For the reaction N2O4(g)=2NO2(g), the value of K at 25 degrees XCelsius is 7.19*10^-3. Calculate N2O4 at equilibrium when NO2 =2.20 *10^122 mol/L?
I guess that's Kc? If NO2 at equilibrium is 2.20E122 M, then
K = (NO2)^2/(N2O4)
Substitute and solve for N2O4.
To solve this problem, we will use the equilibrium constant expression and set up an ICE (Initial, Change, and Equilibrium) table.
The balanced equation for the reaction is: N2O4(g) ⇌ 2NO2(g)

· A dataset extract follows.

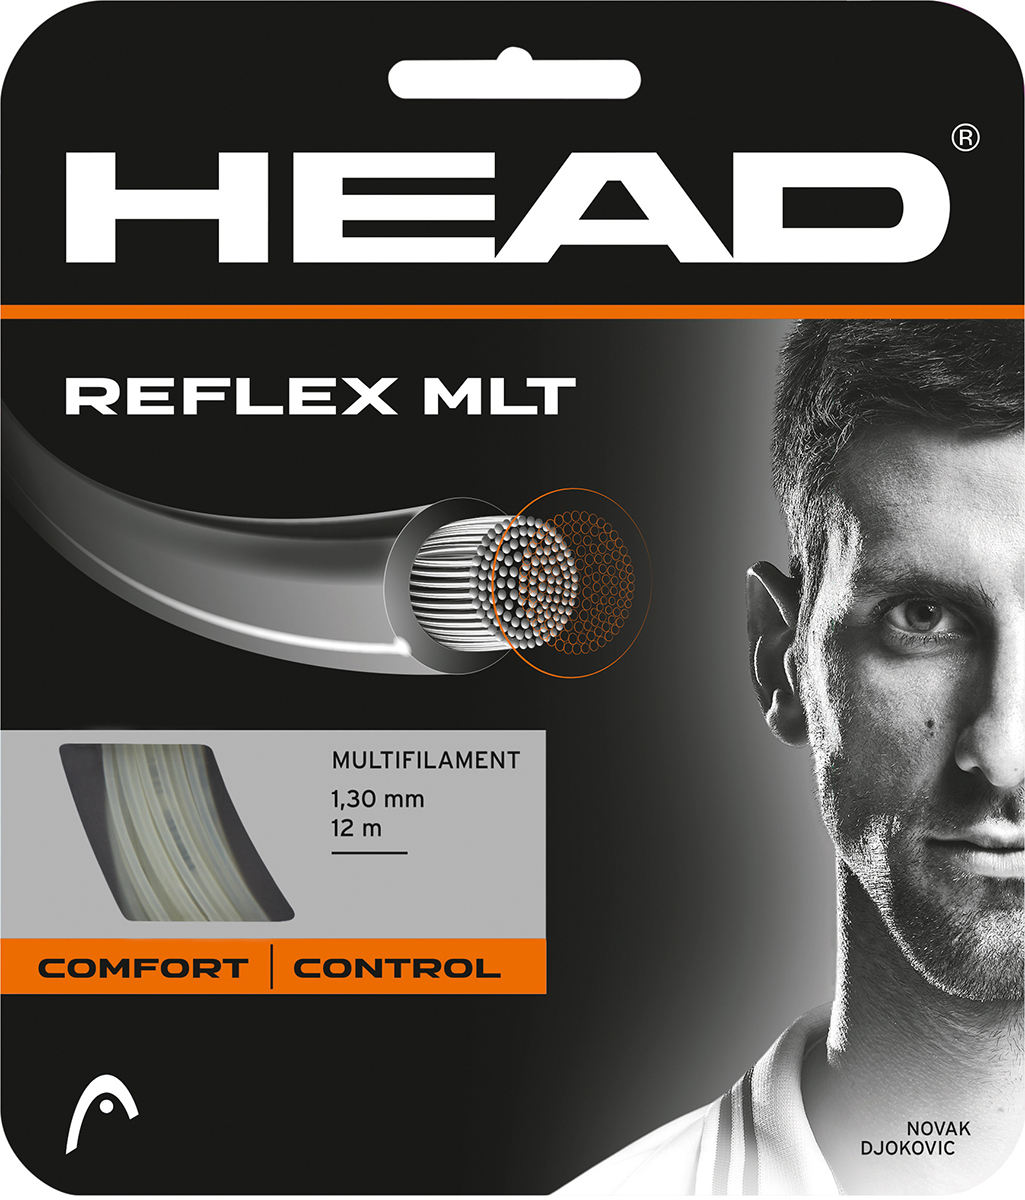 Head Reflex MLT 17g Tennis String (Set)

The equilibrium constant expression for this reaction is given by:
Kc = [NO2]^2 / [N2O4]
We are given the equilibrium constant value (Kc = 7.19 x 10^-3) and the concentration of NO2 (2.20 x 10^122 mol/L). We need to calculate the concentration of N2O4 at equilibrium.

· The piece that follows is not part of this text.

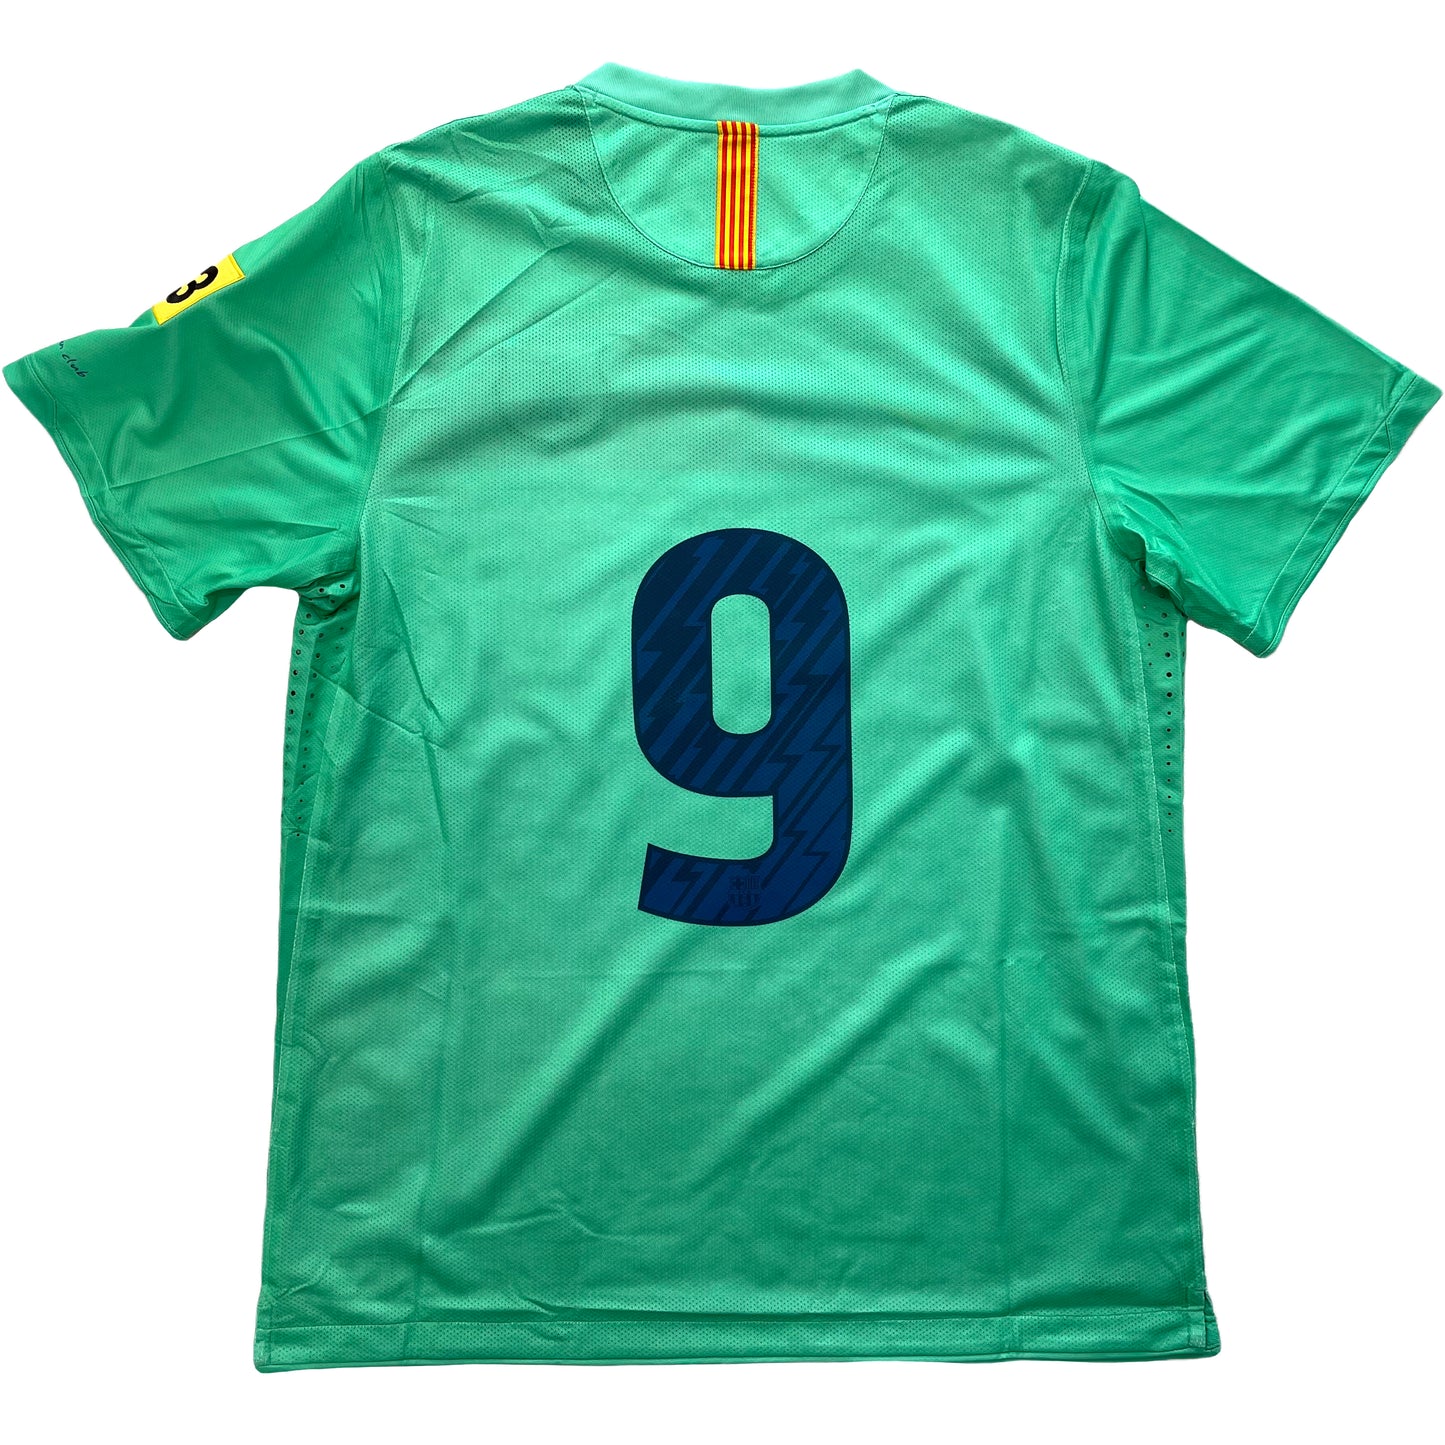 <tc>2010-2011 FC Barcelona pretemporada Player Issue camiseta visitante #9 Ibrahimovic (XL)</tc>

Let's set up the ICE table:
N2O4(g) ⇌ 2NO2(g)
Initially: x 2.20 x 10^122
Change: -x +2x
Equilibrium: x 2.20 x 10^122 + 2x
Now, we substitute the equilibrium concentrations into the equilibrium constant expression:
Kc = [NO2]^2 / [N2O4]
7.19 x 10^-3 = (2.20 x 10^122 + 2x)^2 / x
Next, we solve for x algebraically. Simplifying the equation gives:
7.19 x 10^-3 = (4.84 x 10^244 + 8.8 x 10^122 x + 4x^2) / x
Multiply both sides by x to eliminate the denominator:
7.19 x 10^-3 x = 4.84 x 10^244 + 8.8 x 10^122 x + 4x^2
Rearrange the equation to obtain a quadratic equation:
4x^2 + (8.8 x 10^122 - 7.19 x 10^-3) x + 4.84 x 10^244 = 0
Finally, solve the quadratic equation using the quadratic formula or any other appropriate method to find the value(s) of x, which represents the concentration of N2O4 at equilibrium.